Initially, the Afghan Ministry of Defense will run Bagram, and
eventually transition control to the Ministry of Justice, possibly by
the end of year.
Drone watching
Christopher
Drew has another fascinating read today describing the deluge of data
generated by U.S.-operated drones in Afghanistan and Iraq, writing that
Air Force drones gathered 24 years' worth of video over the two
countries last year, three times as much as in 2007 (NYT).
And a handful of suspected militants were killed by the sixth reported
drone strike in Pakistan this year in the Ismail Khel village in the
Datta Khel region of North Waziristan on Saturday (AP, AFP, CNN, Geo, Times of India).
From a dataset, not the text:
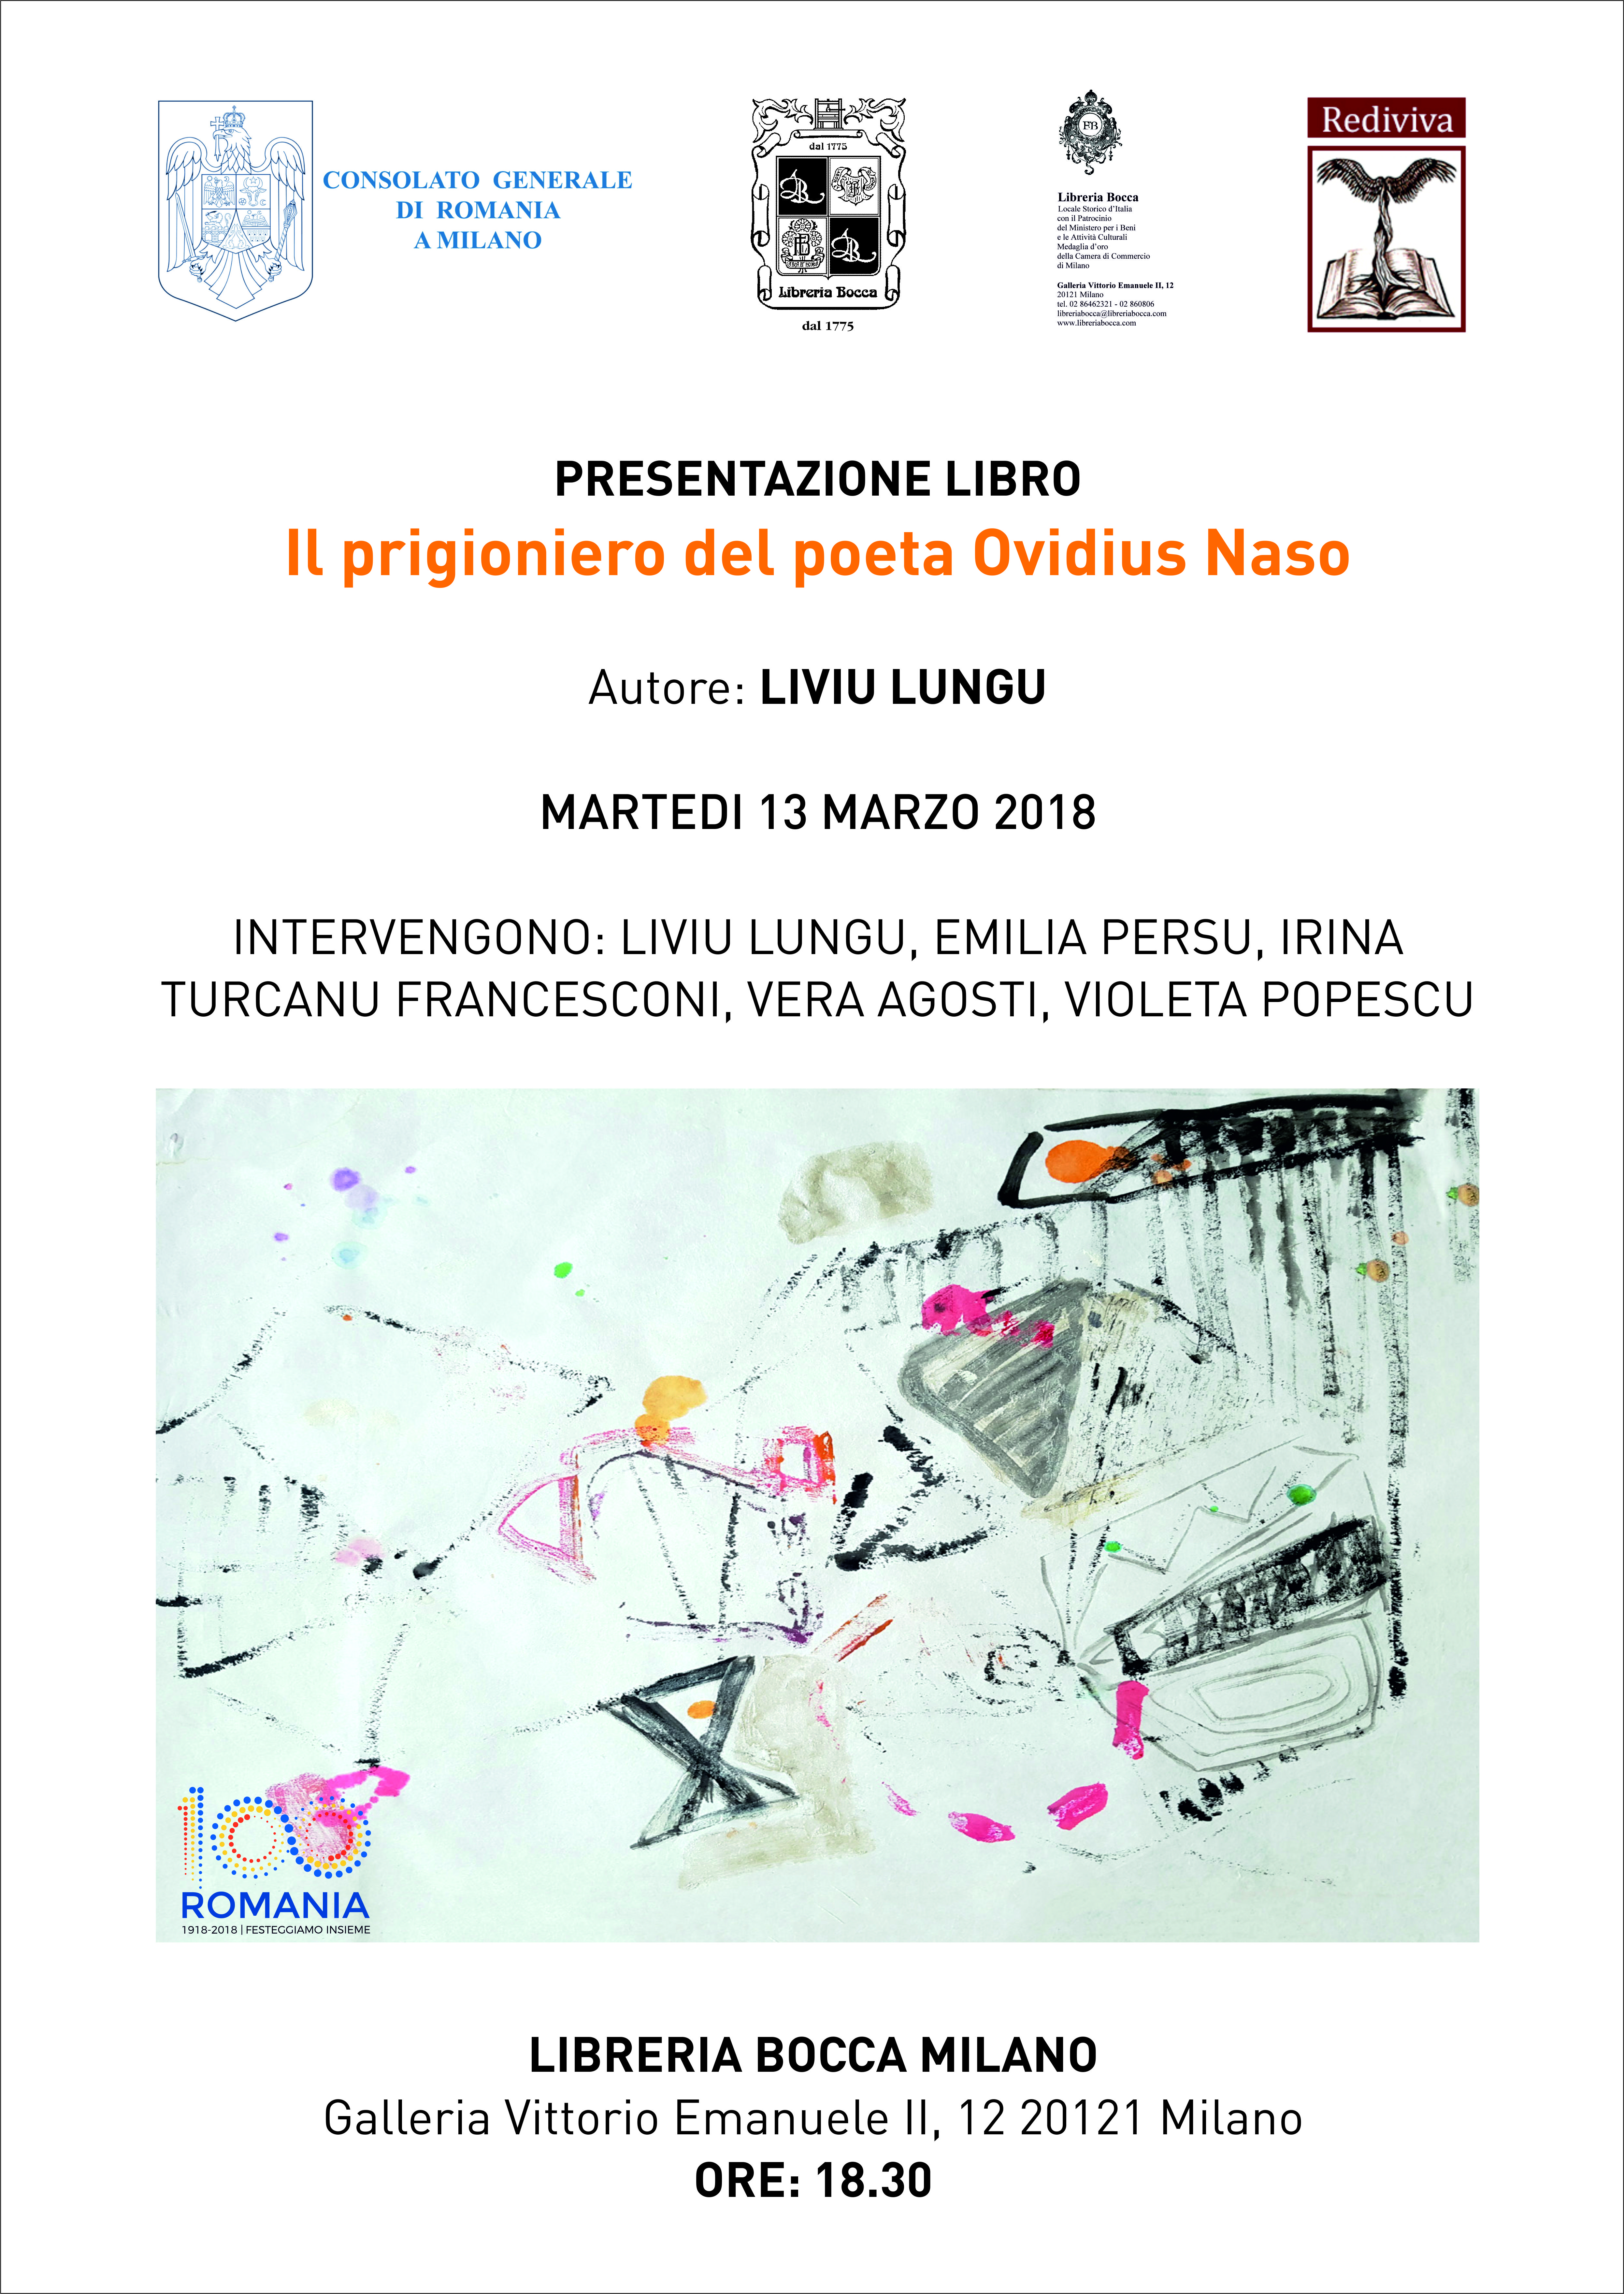 Libreria BOCCA di Milano ospita la presentazione del libro: “Il prigioniero del poeta Ovidius Naso” di Liviu LUNGU, ed. Rediviva

Another reported drone strike targeted the town of Tappi in North Waziristan on Friday (AFP,
AP, CNN, Geo).
Dozens of people have been killed in a wave of targeted attacks since the beginning of the year in Karachi,
Pakistan's largest city, among rival political groups that "some say is
aimed at destabilizing the country's ruling coalition" (AP, Dawn, Daily Times). There were 86 targeted killings in Karachi in 2008, and 152 in 2009.
Pakistani
police have detained five female would-be suicide bombers in Islamabad
and the Swat Valley in Pakistan, and one of the girls told members of
the media that she had been trained by Maulana Fazlullah, the leader of
the Pakistani Taliban in Swat (Pajhwok). And Sarah Kershaw reviews a "range of patterns" that has emerged from the study of the psychology of terrorism (NYT).
Barnes and Noble Kabul
The
government of Denmark is funding the construction of three bookstores
in Kabul that will have the capacity to store up to 15 million books (Pajhwok). The facilities are scheduled to be completed within a year.